Crawlers have been taking advantage of these consistent interfaces to index
sites for years. Why not use a crawler of sorts to test a site for broken
links and some other easily-distinguished errors, and to profile its
performance? That's the purpose of this system.
What This System Can Do
Tell you which pages are slow. Find pages with broken links, internal
server errors, and any other problem that is accompanied by an HTTP response
code other than 200.
What This System Can't Do
We have no way of testing the semantic correctness of a page's content.
Your .TCL script can return complete gibberish, and the crawler will happily
report that all is well as long as it gets an HTTP return code of 200.
Also, forms are currently ignored (meaning that a page only reachable via
a POST will not get profiled), and no validation is done on the returned HTML.
Both these things may change, though. See 'Possible Improvements', below.
The Mid-Level Details
The system consists of two parts:
The Crawler
The crawler is a fairly dumb program that takes a few arguments specifying
hostname, count of hits to perform, login information, and a few other things.
It then goes through a fairly straightforward sequence of actions:
- Log on to the site using the specified login information.
- Retrieve a specified starting path from the site.
- Record a record indicating the time required to get a response from the
server and any error conditions returned.
- Extract all links in the HTML retrieved by last hit that don't point to
a different host.
- Randomly choose one of the URLs from the previous step; fetch that from
the server.
- Repeat steps 3-5 until the specified number of hits has been performed.
- Write all recorded logging information to a file.
(Actually, it's a bit more complicated than this, when you get into
issues like reacting to error codes returned by the server and preventing
the crawler from getting 'trapped' in a small subset of the site. If you
want more detail, browse the source, with
particular attention to the profile_site
function.)
The Profile Log Analysis Pages
The log file stored by the crawler contains mostly just raw data about
response codes and times for the pages it fetches. Making effective use of
this data requires tools for browsing and generating summaries of the data.
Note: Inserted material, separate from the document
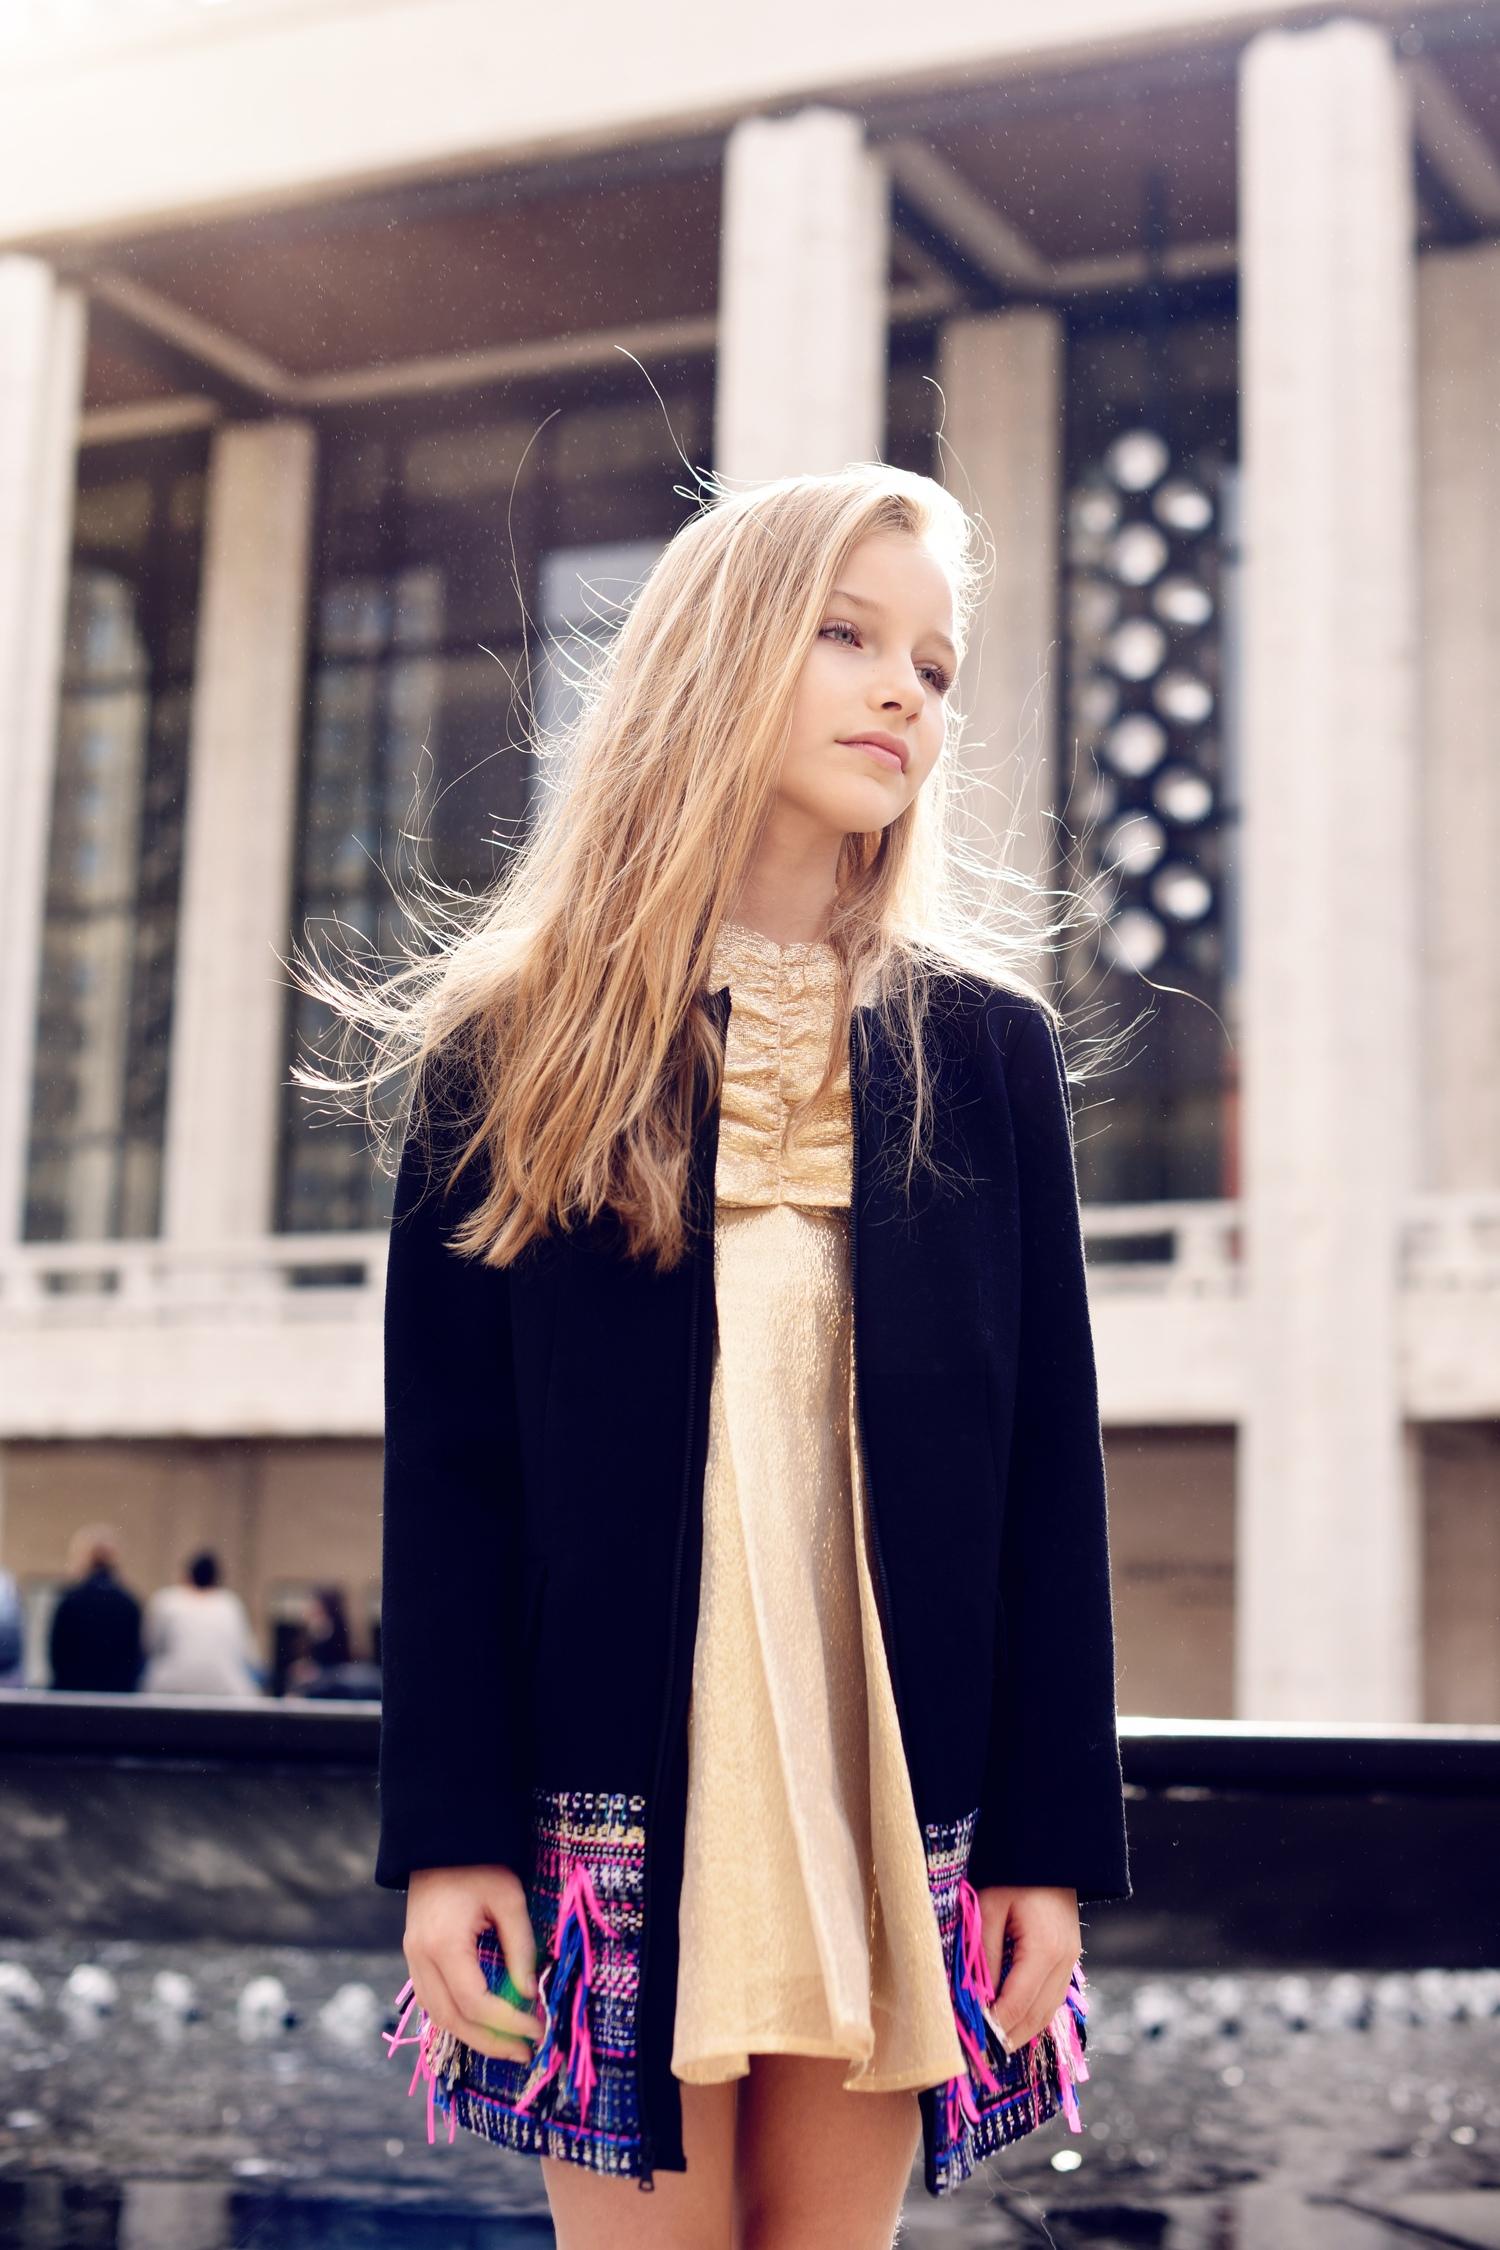 Enfant+Street+Style+by+Gina+Kim+Photography-12.jpeg

This is where a new set of pages at /admin/profile comes in. On these pages,
developers can upload log files generated by the Python script. The data from
the logs is entered into a database table, and views on the data that
summarize by fairly arbitrary criteria can be created.
How To Use The System
Running The Crawler
The first step to using the profiling system is to record a dataset,
using the crawler script, named 'profile_acs_site'. This script is written
in Python; running it requires that you have Python v1.5.2 installed on your
system. The default Red Hat install seems to include Python by default. If
your system doesn't already have Python, you can download it from
the official Python website. All library
modules needed by the script should be included in the standard Python
distribution.
The format of the command line to record a profile is:
profile_acs_site -profile (host) (path) (count) (outfile) [(logon)] [(illegal_urls)]
Let's take this apart:
- -profile - this flag indicates that the script should
record a profile log. There's also a -report option, which takes an
existing log and generates a plain text report on the data it contains.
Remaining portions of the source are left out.